Il faut proscrire le papier chiffonné jeté négligemment comme une aumône cyniquement
consciente à des agents de service qui auraient mieux à faire au sein de l'équipe éducative
que de servir de larbins à des petits monstres. Les enfants ne doivent pas se comporter en
touristes dans les locaux scolaires hideux d'impersonnalité où rien ni personne ne laisse de
trace, de scories. Cela suppose que les enfants soient partie prenante des projets d'aménagement de leur environnement. Ce qui symbolise hélas le mieux la plupart des écoles élémentaires, c'est la poussière et la bassesse architecturale. Les armoires sont pleines de trésors, de
rebuts et de déchets. Les vrais inventaires, les véritables rangements, les indispensables
restructurations fonctionnelles sont rares.
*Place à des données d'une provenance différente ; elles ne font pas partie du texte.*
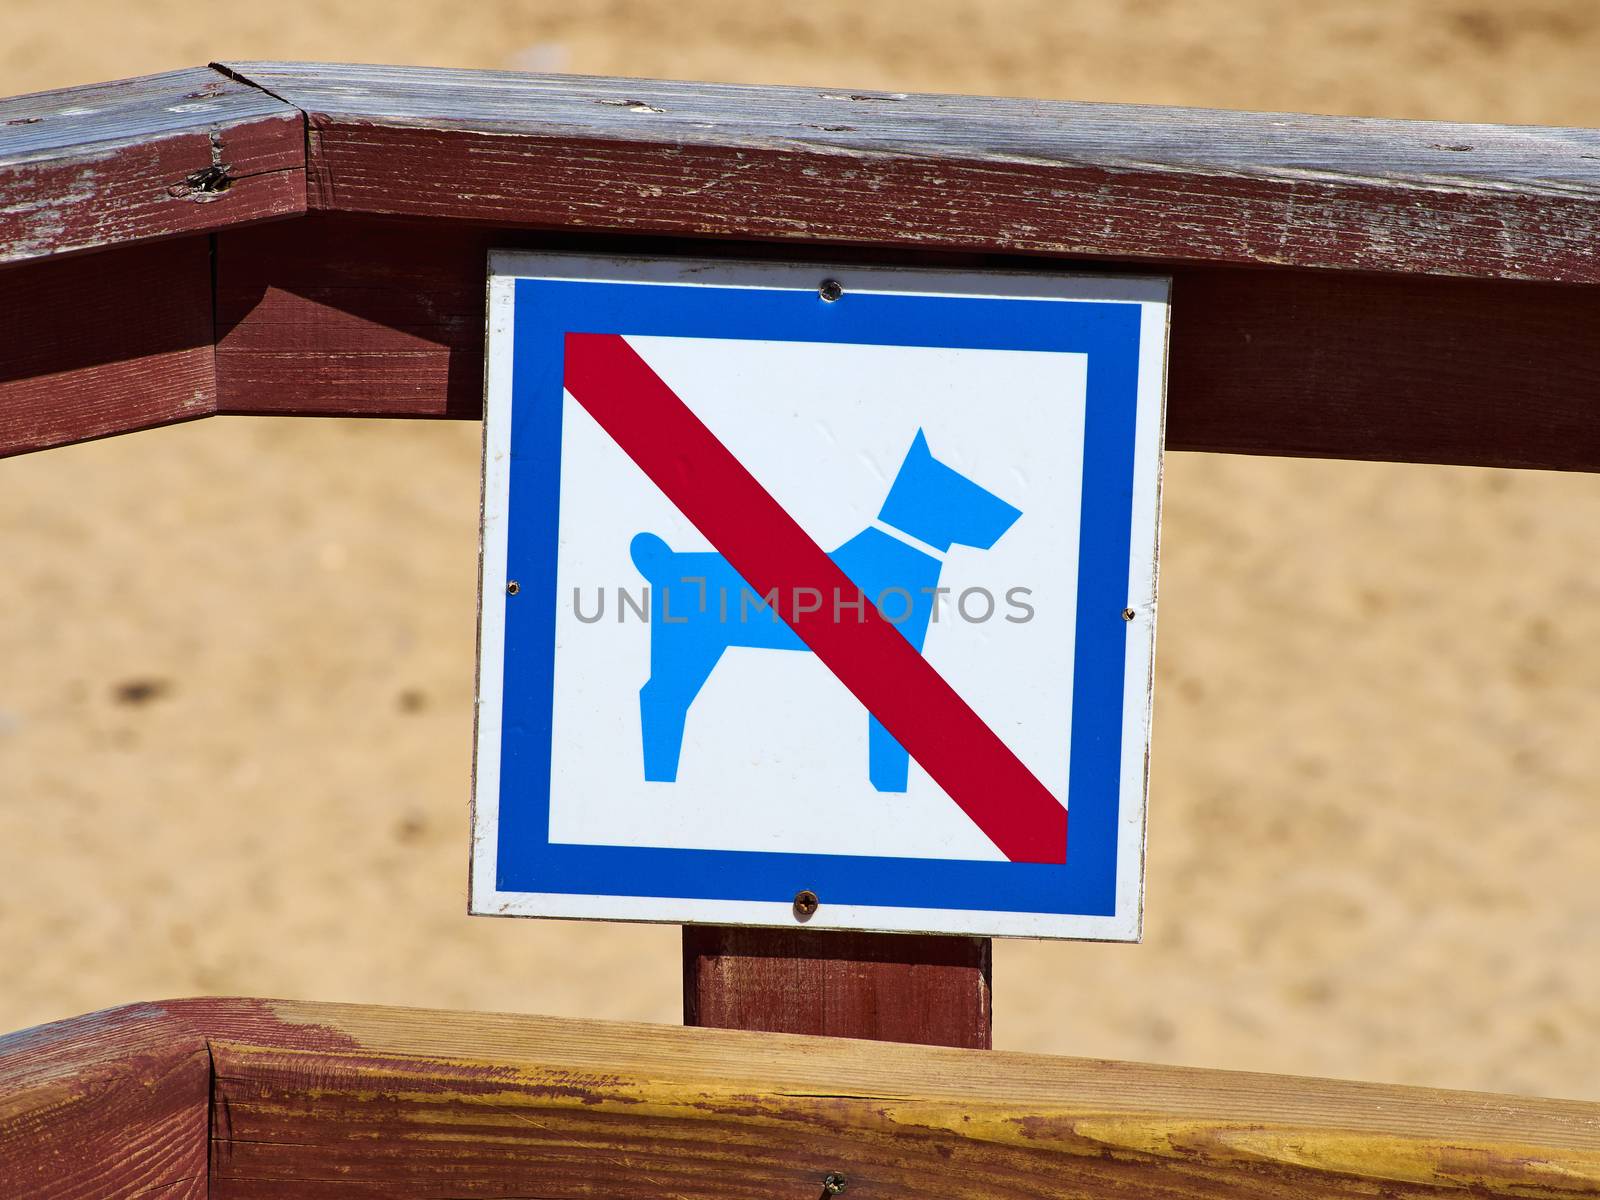 No dog zone sign  by Ronyzmbow
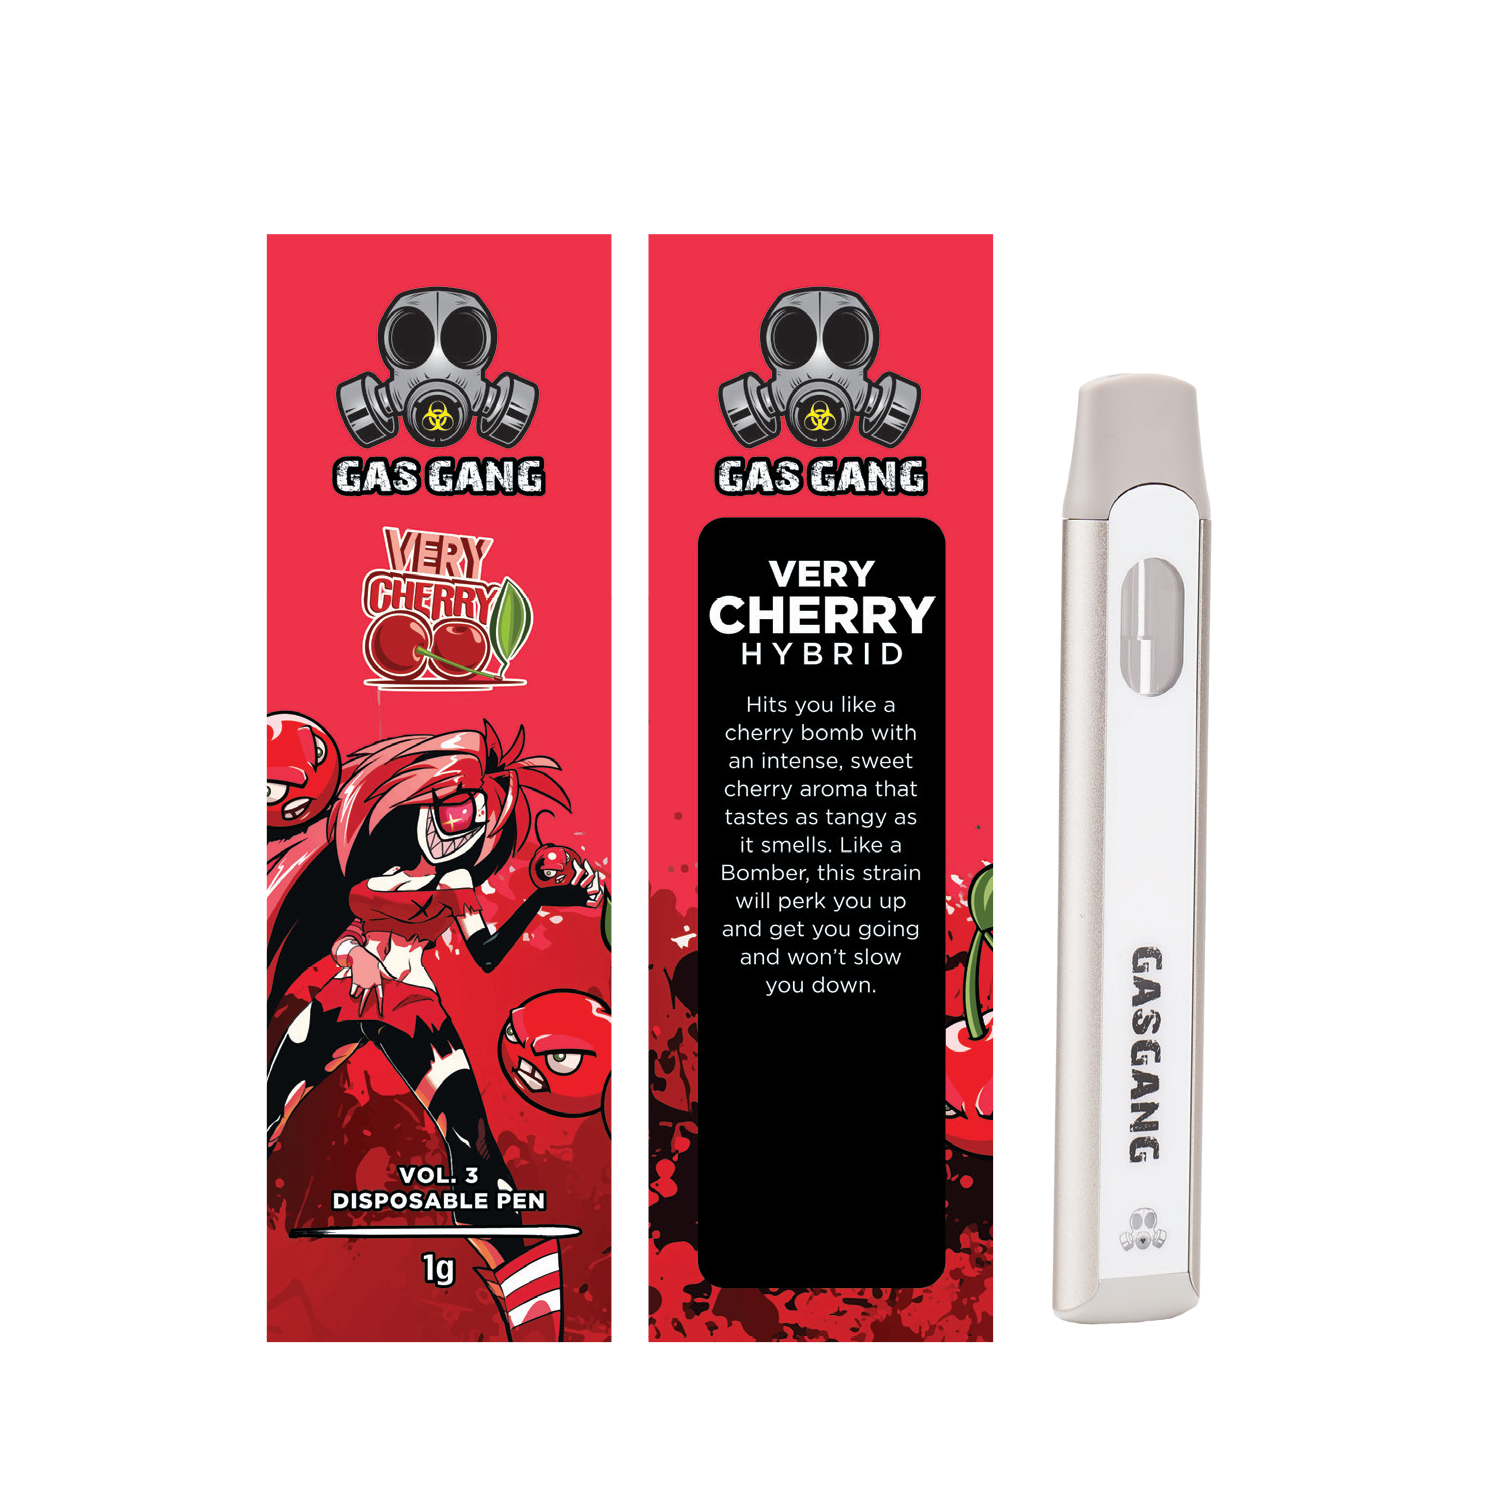 Buy Gas Gang - Very Cherry Disposable Pen at Wccannabis Online Shop

ENFANTS GÂTÉS DE LA FIN DU XXième SIÈCLE.
De la rue, les parents contemplent leurs rejetons qui s'insultent et s'entrelardent de coups de
pieds imités des ninjas et autres crétins rebondissants. Cela se passe au moment de la "mise
en rang".
Que pensent-ils? Leurs visages restent inexpressifs. Perplexité ? Ces enfants qu'il faut, selon :s propres
vœux "prendre par la douceur", sont aussi des garnements dont "ils ne viennent à bout". Les parents confient à l'école maternelle des tyrans domestiques de vingt mois.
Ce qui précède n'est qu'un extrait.